With AI lowering the barrier to entry, Phishing 2.0 has arrived. Personalised, AI-driven "Phishing-as-a-Service" kits are sold for under US $100 a month on Telegram. The most common - and successful - trick remains the fake IT/HR password reset request or fraudulent VPN portal. AI ensures these lures are perfectly written, free of typos, and highly targeted.

Because of this sophistication, AI-generated phishing emails achieve staggering click rates of up to 54% (compared to roughly 12% for traditional phishing) according to a Brightside AI 2024 study.  

Indeed, the timeline from a leaked password to a full-blown ransomware deployment is shrinking terrifyingly fast. According to Beazley Security (Q3 2025), 48% of ransomware attacks used stolen VPN credentials as the initial access vector. Yet, the IBM 2025 Cost of a Data Breach Report found that credential-based breaches take an agonisingly long 246 days on average to identify and contain.

In stark contrast, ransomware operators are moving at lightspeed. If your company takes weeks to detect a stolen credential, the battle is already lost.

Here are some methods for organisations to defend themselves in 2026:

  1. Embrace Passwordless & FIDO2: The only true defence against phishing and infostealers is removing the password entirely.
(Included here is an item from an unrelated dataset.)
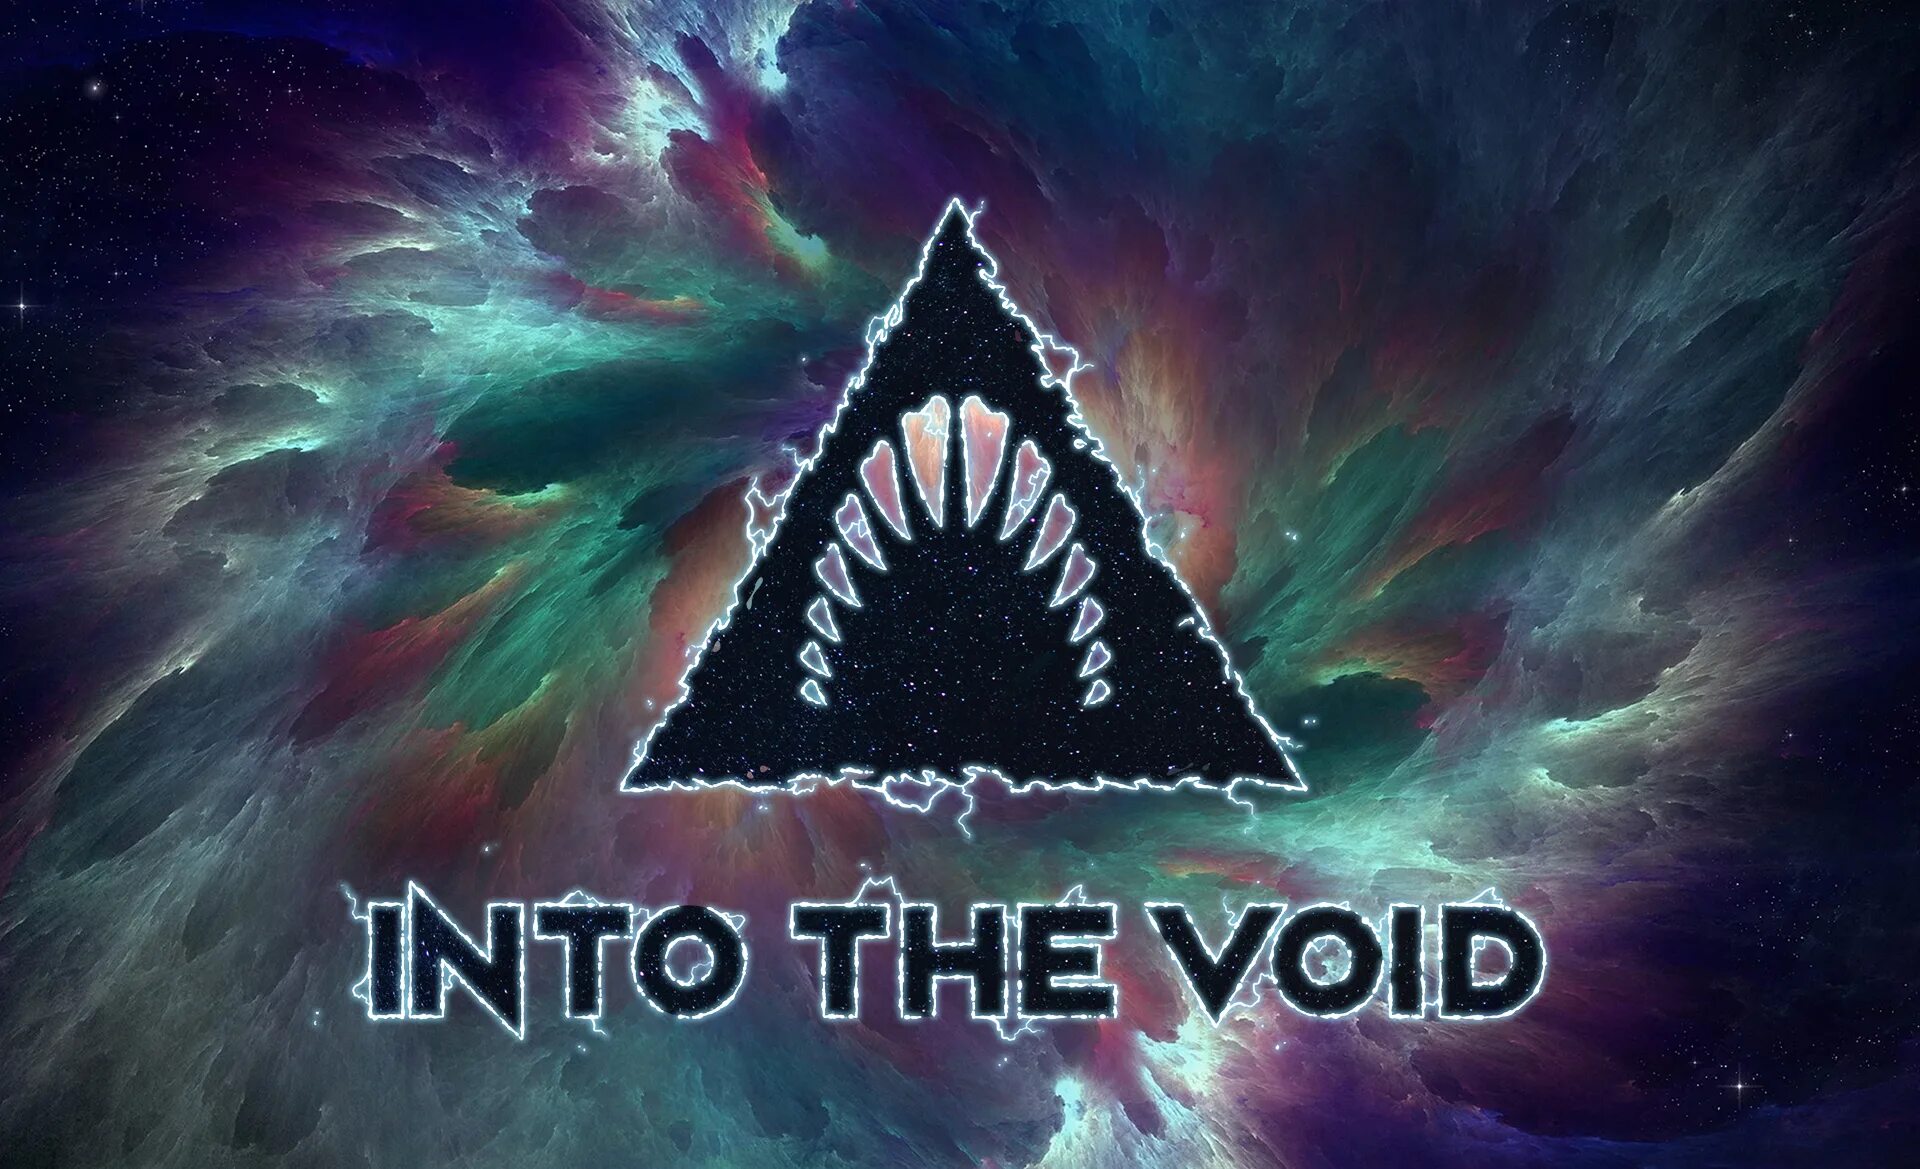 Feel the void. A Void. Into the Void. The Void значок. Depths of the Void.

Transitioning to FIDO2 passkeys ensures that even if an employee is tricked into visiting a fake login page, there is no reusable credential to steal.
  2. Implement Identity-Centric Zero Trust: Security teams must treat every authentication attempt with scepticism and combine Endpoint Detection and Response (EDR) with Identity Threat Detection and Response (ITDR) to correlate behavioural anomalies across both environments.
  3. Control the AI Browser Vector: Traditional Data Loss Prevention (DLP) tools monitoring file transfers are obsolete if an employee simply hits "Ctrl+V" into ChatGPT. Enterprises must adopt enterprise browsers or browser security extensions to monitor, govern, and block sensitive data from being pasted into unauthorised GenAI chatbots.
  4. Continuous Dark Web & Telegram Monitoring: Waiting for a breach notification is too late. Organisations need continuous threat intelligence monitoring to catch traded credentials before Initial Access Brokers can sell them to ransomware affiliates.

Passwords were once the keys to the castle. Today, they are a liability heavily traded on the dark web. As we look ahead, the future of enterprise security relies on verifying behaviour, not just a string of characters.